Note that the problem here is [1] - we're creating a lot of slots 
referencing the same tuple descriptor, which inflates the duration. 
There's a fix in the other thread, which eliminates ~99% of the 
overhead. I plan to push that fix soon (a day or two).


regards

-- 
Tomas Vondra
EnterpriseDB: http://www.enterprisedb.com
The Enterprise PostgreSQL Company



Re: Fdw batch insert error out when set batch_size > 65535

От
Tomas Vondra
Дата:

On 6/9/21 12:22 PM, Tomas Vondra wrote:
> 
> 
> On 6/9/21 8:28 AM, Tom Lane wrote:
>> I wrote:
>>> Bharath Rupireddy <bharath.rupireddyforpostgres@gmail.com> writes:
>>>>> I've added a simple regression test to postgres_fdw, testing that 
>>>>> batch
>>>>> sizes > 65535 work fine, and pushed the fix.
>>
>>>> I was earlier thinking of adding one, but stopped because it might
>>>> increase the regression test execution time.
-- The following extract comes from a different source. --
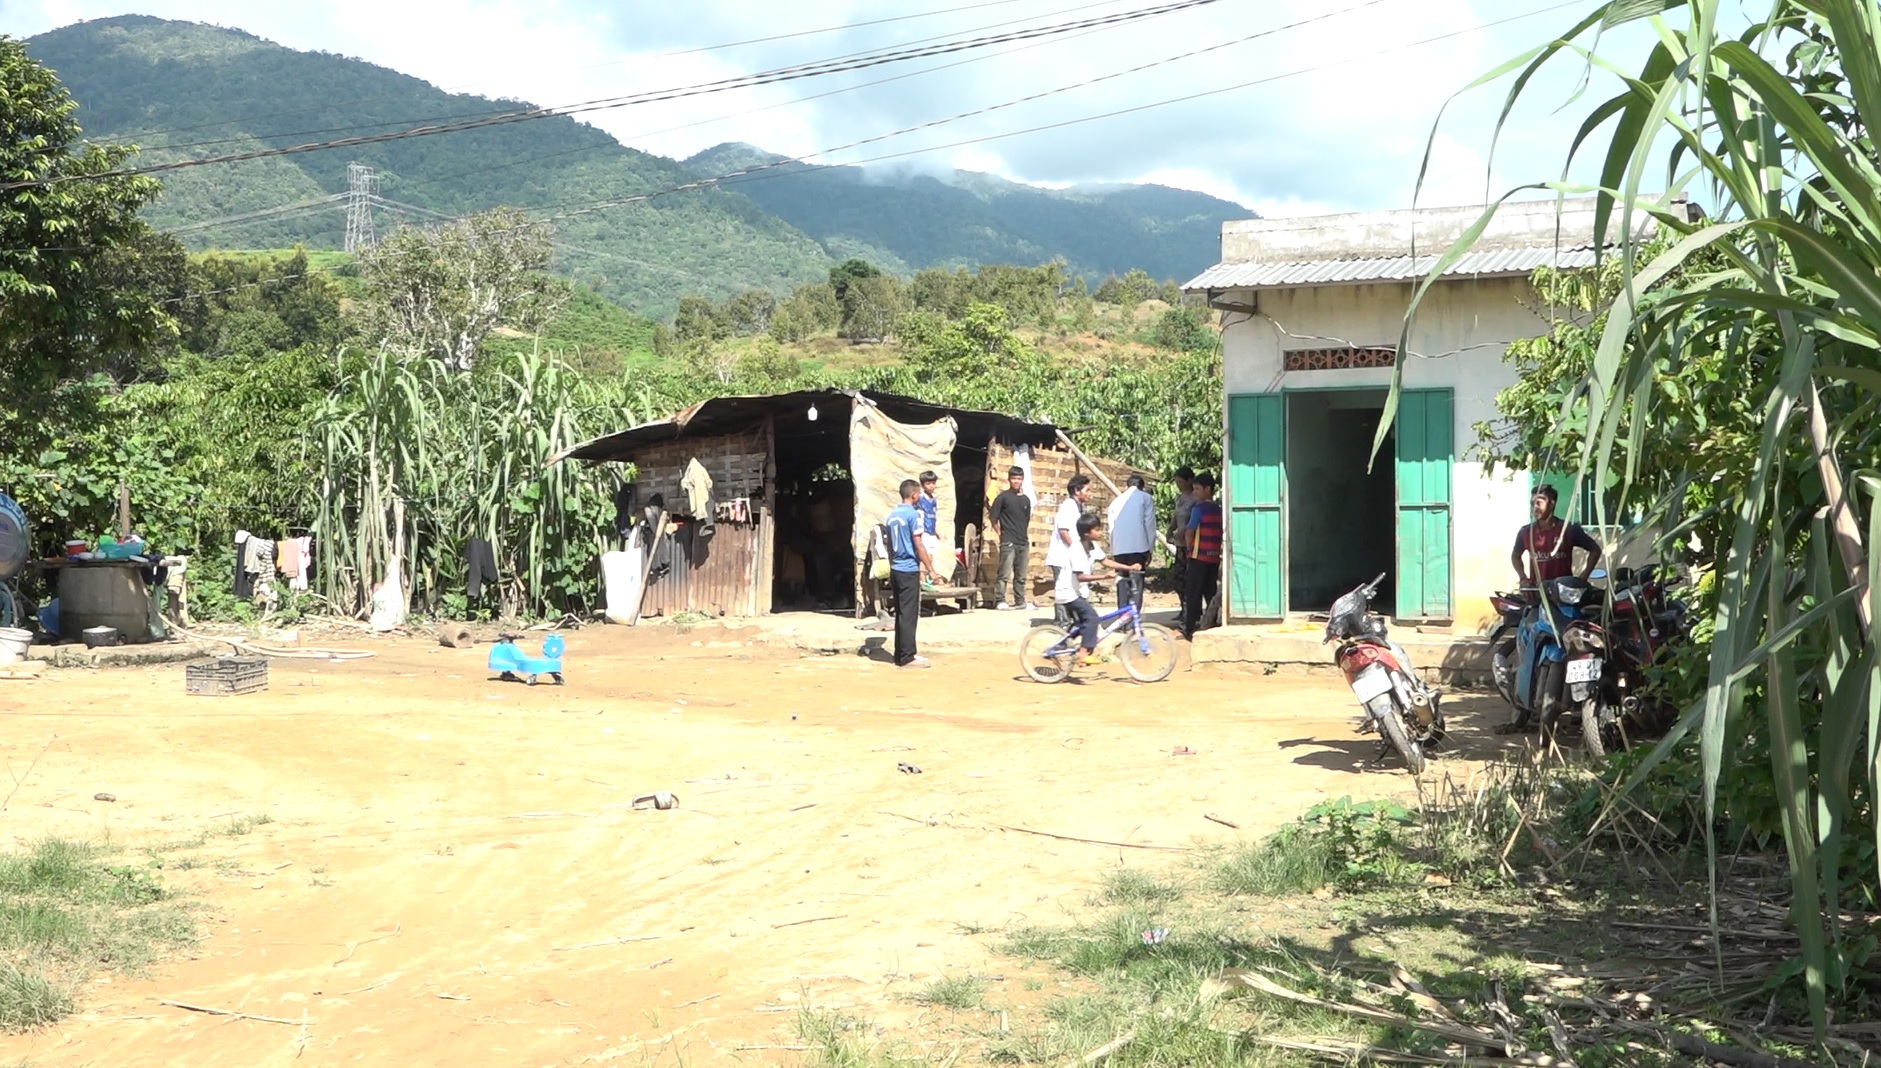 Giảm nghèo ở Lâm Đồng: Hỗ trợ cung cấp nước sạch, đất ở cho hàng ngàn người dân khó khăn - Ảnh 1.

It looks like that's true
>>>> - with and without the test case it takes 17 sec and 4 sec
>>>> respectively on my dev system which is 4X slower. I'm not sure if this
>>>> is okay.
>>
>>> The cost, versus the odds of ever detecting a problem, doesn't
>>> seem like a good tradeoff.
>>
>> I took a quick look and noted that on buildfarm member longfin
>> (to take a random example that's sitting a few feet from me),
>> the time for contrib-install-check went from 34 seconds before
>> this patch to 40 seconds after.  I find that completely
>> unacceptable compared to the likely value of this test case.
>>
> 
> Note that the problem here is [1] - we're creating a lot of slots 
> referencing the same tuple descriptor, which inflates the duration. 
> There's a fix in the other thread, which eliminates ~99% of the 
> overhead. I plan to push that fix soon (a day or two).
> 

Forgot to add the link:

[1] 
https://www.postgresql.org/message-id/ebbbcc7d-4286-8c28-0272-61b4753af761%40enterprisedb.com


regards

-- 
Tomas Vondra
EnterpriseDB: http://www.enterprisedb.com
The Enterprise PostgreSQL Company



Re: Fdw batch insert error out when set batch_size > 65535

От
Tom Lane
Дата:
Tomas Vondra <tomas.vondra@enterprisedb.com> writes:
> Note that the problem here is [1] - we're creating a lot of slots 
> referencing the same tuple descriptor, which inflates the duration. 
> There's a fix in the other thread, which eliminates ~99% of the 
> overhead. I plan to push that fix soon (a day or two).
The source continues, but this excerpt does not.